Dataset content:
★ ★ ★ ★ ★ ★ ★

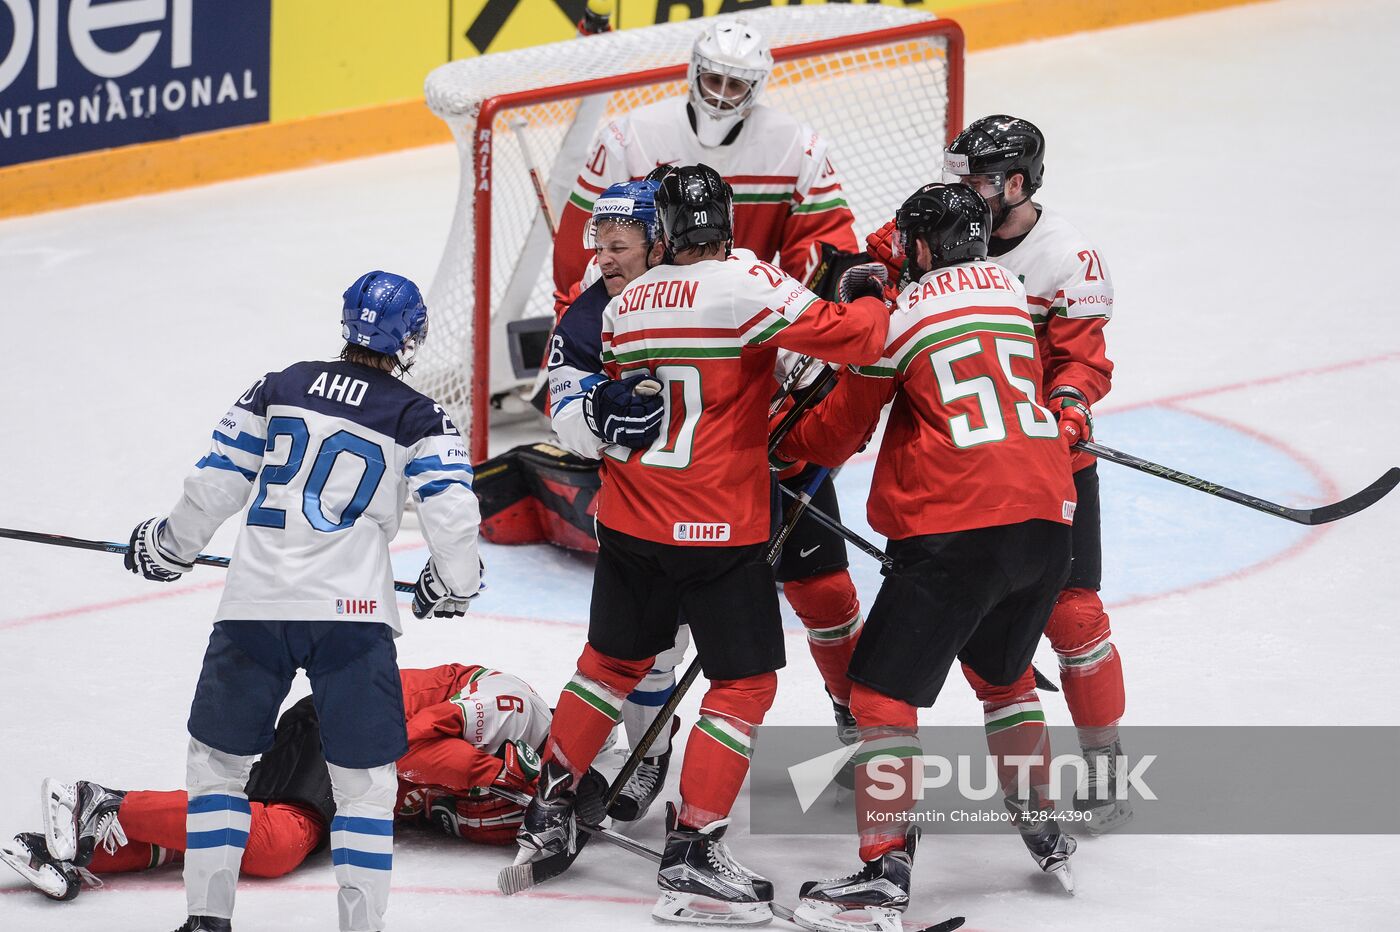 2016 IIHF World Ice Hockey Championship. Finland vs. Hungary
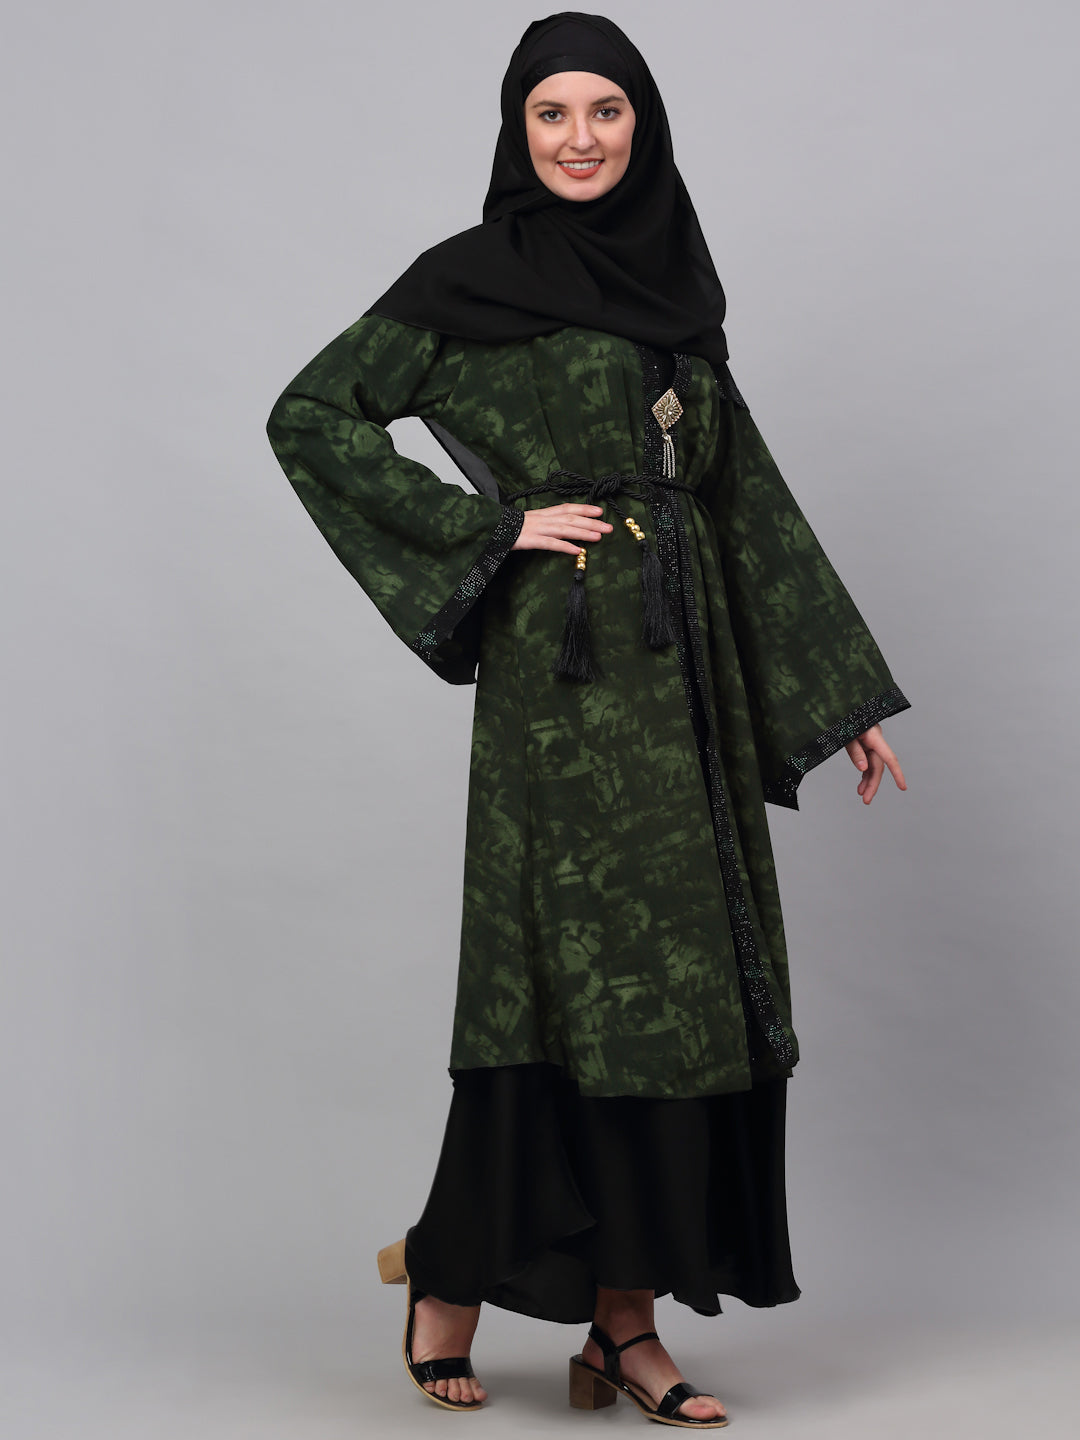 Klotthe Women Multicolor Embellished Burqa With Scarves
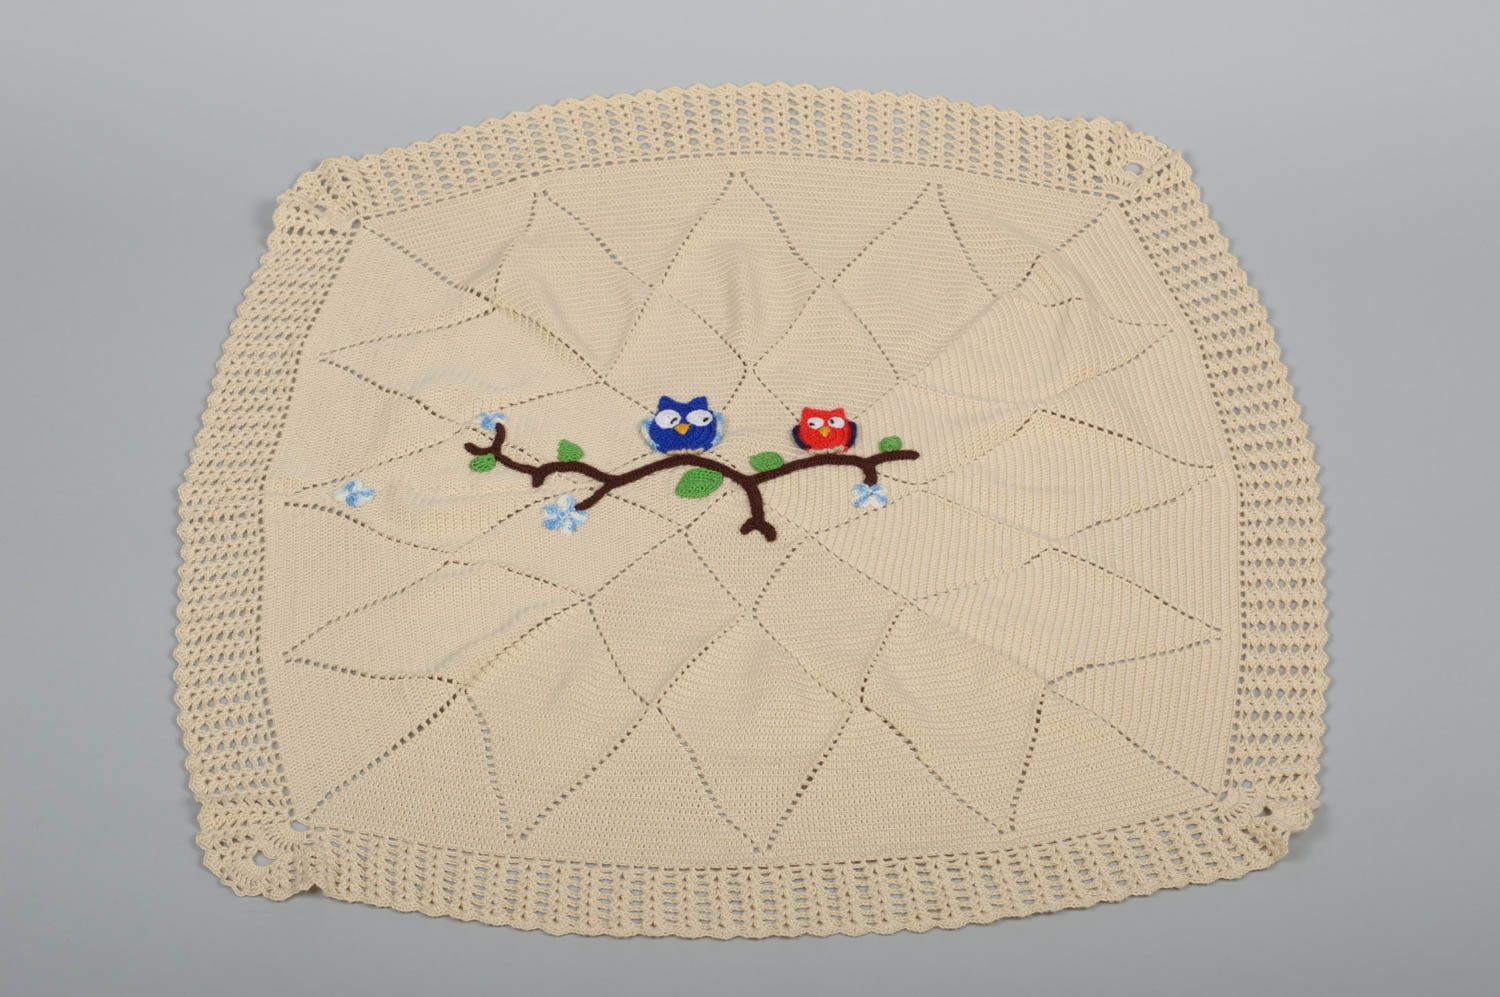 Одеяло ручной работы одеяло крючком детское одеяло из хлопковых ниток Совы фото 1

★ ★ ★ ★ ★ ★ ★

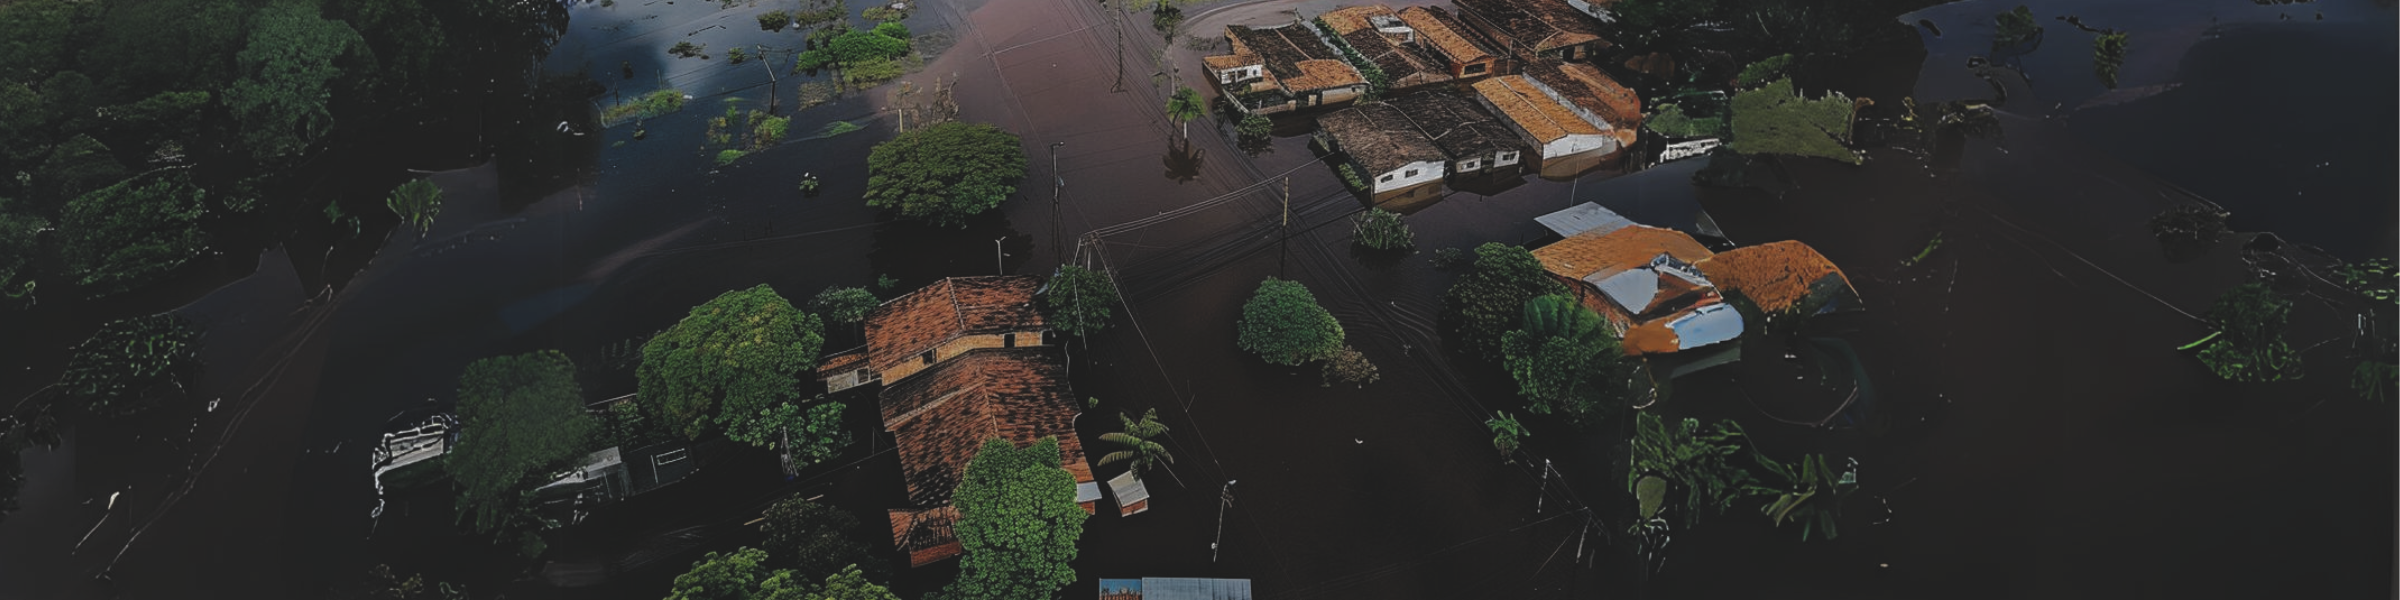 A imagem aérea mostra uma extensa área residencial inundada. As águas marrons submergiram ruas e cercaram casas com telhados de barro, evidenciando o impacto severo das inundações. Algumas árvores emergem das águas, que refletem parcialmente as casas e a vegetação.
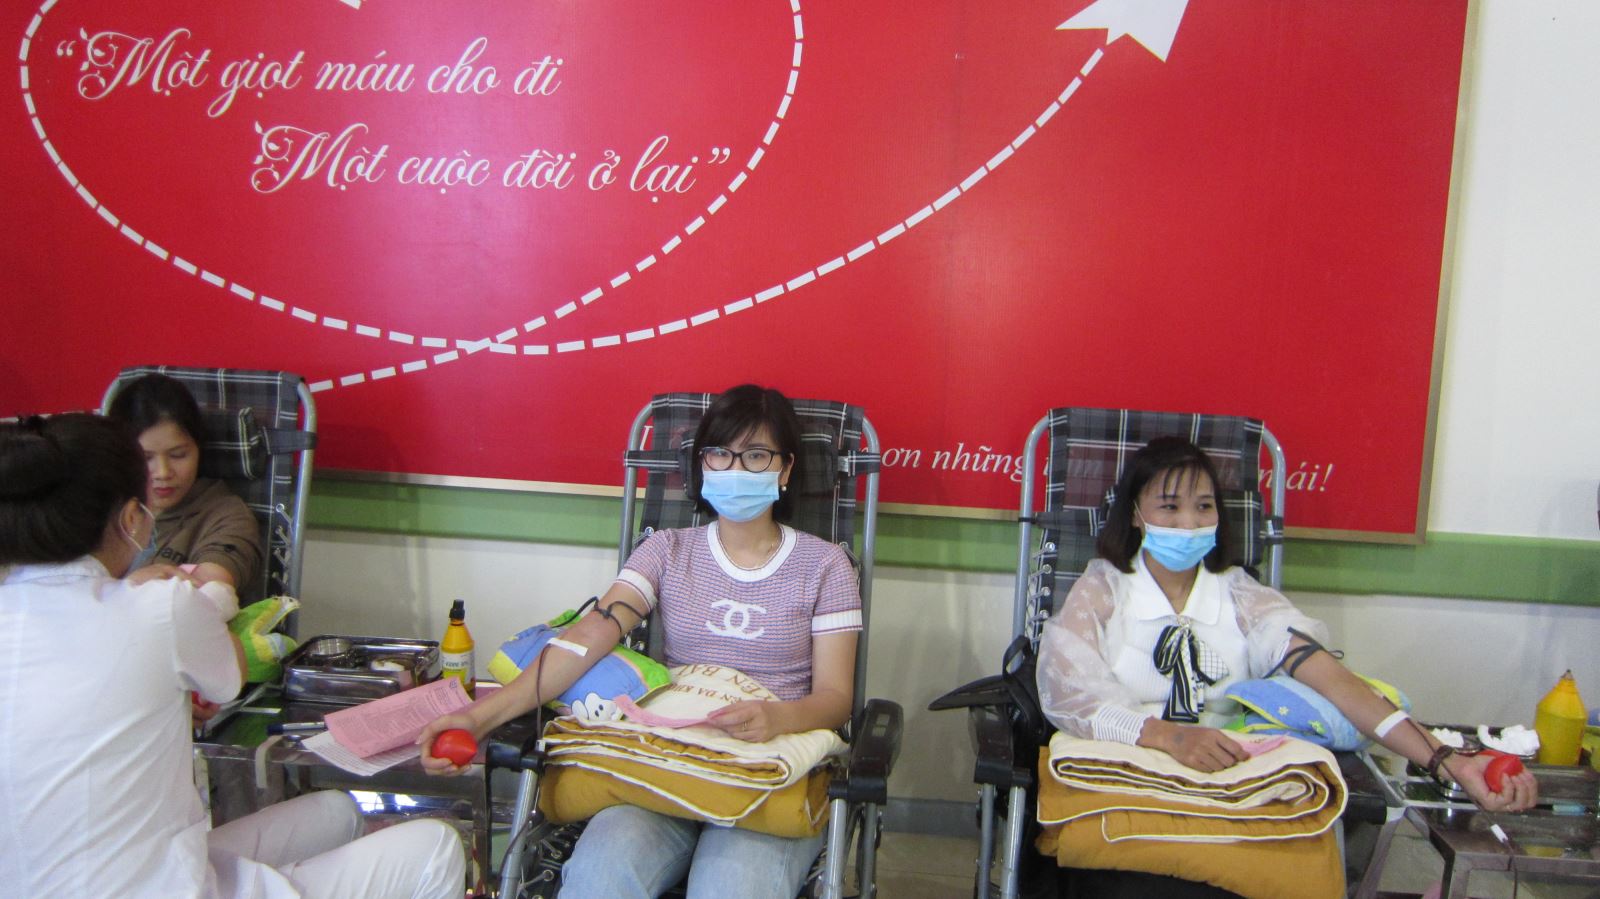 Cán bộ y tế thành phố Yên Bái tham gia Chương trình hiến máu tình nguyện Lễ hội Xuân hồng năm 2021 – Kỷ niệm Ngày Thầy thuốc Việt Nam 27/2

★ ★ ★ ★ ★ ★ ★

Activity: Would you output only the span of the records above that opens with the line containing "2016 IIHF World" and closes with the line containing "Одеяло ручной работы", ends included and pictures dropped?

Solution for this task:
 2016 IIHF World Ice Hockey Championship. Finland vs. Hungary
 Klotthe Women Multicolor Embellished Burqa With Scarves
 Одеяло ручной работы одеяло крючком детское одеяло из хлопковых ниток Совы фото 1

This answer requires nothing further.